详细信息
Multi-agent DRL for joint completion delay and energy consumption with queuing theory in MEC-based IIoT ( SCI-EXPANDED收录 EI收录) 被引量:43
文献类型:期刊文献
英文题名:Multi-agent DRL for joint completion delay and energy consumption with queuing theory in MEC-based IIoT
作者:Wu, Guowen[1];Xu, Zhiqi[1];Zhang, Hong[1];Shen, Shigen[2,3];Yu, Shui[4]

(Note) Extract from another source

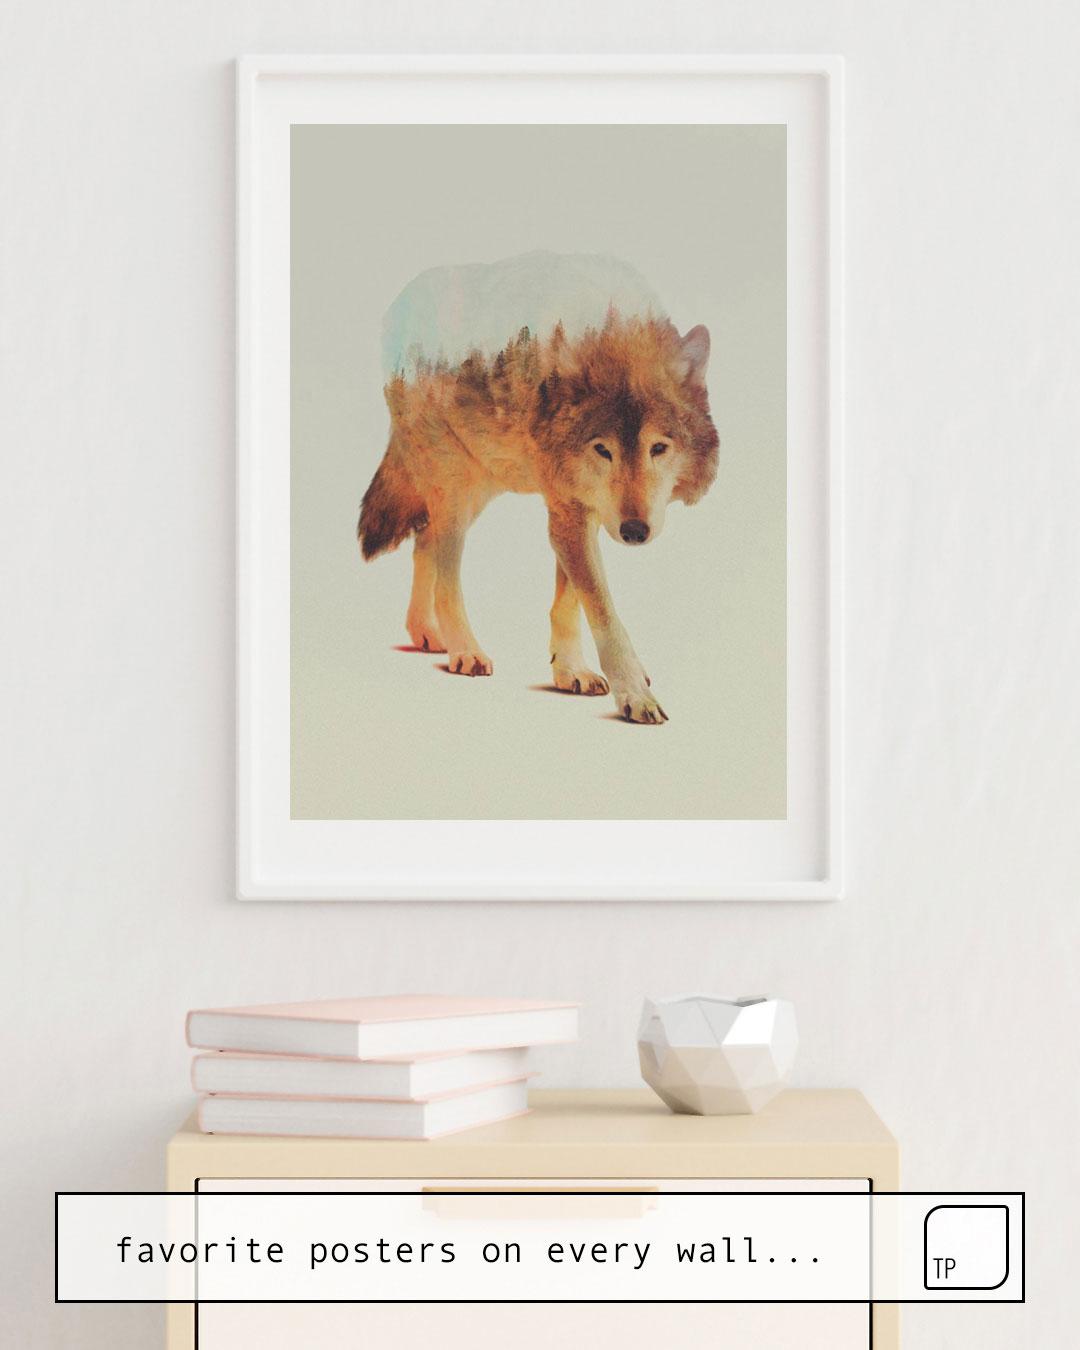 La foto muestra un ejemplo de decoración con el motivo WOLF IN THE WOODS #2 por Andreas Lie como un mural

机构:[1]Donghua Univ, Sch Comp Sci & Technol, Shanghai 201620, Peoples R China;[2]Huzhou Univ, Sch Informat Engn, Huzhou 313000, Peoples R China;[3]Shaoxing Univ, Dept Comp Sci & Engn, Shaoxing 312000, Peoples R China;[4]Univ Technol Sydney, Sch Comp Sci, Sydney, NSW, Australia
年份:2023
卷号:176
起止页码:80
外文期刊名:JOURNAL OF PARALLEL AND DISTRIBUTED COMPUTING
收录:SCI-EXPANDED(收录号:WOS:000971244900001)、、EI(收录号:20231013677165)、Scopus(收录号:2-s2.0-85149278228)、WOS
基金:Acknowledgments This work was supported by Zhejiang Provincial Natural Science Foundation of China under Grant No. LZ22F020002.
语种:英文
外文关键词:Task offloading; Queuing theory; Industrial Internet of things; Multi -agent deep reinforcement learning; Mobile edge computing
外文摘要:In the Industrial Internet of Things (IIoT), there exist numerous sensor devices with weak computing power and small energy storage. To meet the real-time and big data computing requirements of industrial production, EIIoT (Edge computing-based IIoT) that combines mobile edge computing with IIoT has emerged. It is necessary to offload computing tasks to nearby edge servers for data storage and processing in EIIoT, thus inevitably causing the edge servers to overload. To this end, we propose a jointly constrained optimization model of delay and energy consumption based on queuing theory; this model can effectively solve the task offloading problem in EIIoT. Subsequently, to satisfy the unique offloading requirements of EIIoT, we improve the MAPPO (multi agent proximal policy optimization) algorithm structure to form a lightweight optimal task offloading algorithm called Multi-Agent Deep Reinforcement Learning based on Queuing theory (MAQDRL), which is more suitable for EIIoT. In the algorithm, we systematically integrate queuing theory and use Multi-Agent Deep Reinforcement Learning (MADRL) to obtain the optimal offloading strategy in dynamic and random multiuser offloading environments. We also improve the structure of neural networks of MADRL by analyzing the structural characteristics of the input data. As a result, the algorithm that we proposed exhibits good convergence and exceptional performance in terms of the task arrival rate, bandwidth, energy consumption, latency and other indicators. The simulation results indicate that compared with other classical algorithms, MAQDRL is effective for solving the EIIoT offloading problem. (c) 2023 Elsevier Inc. All rights reserved.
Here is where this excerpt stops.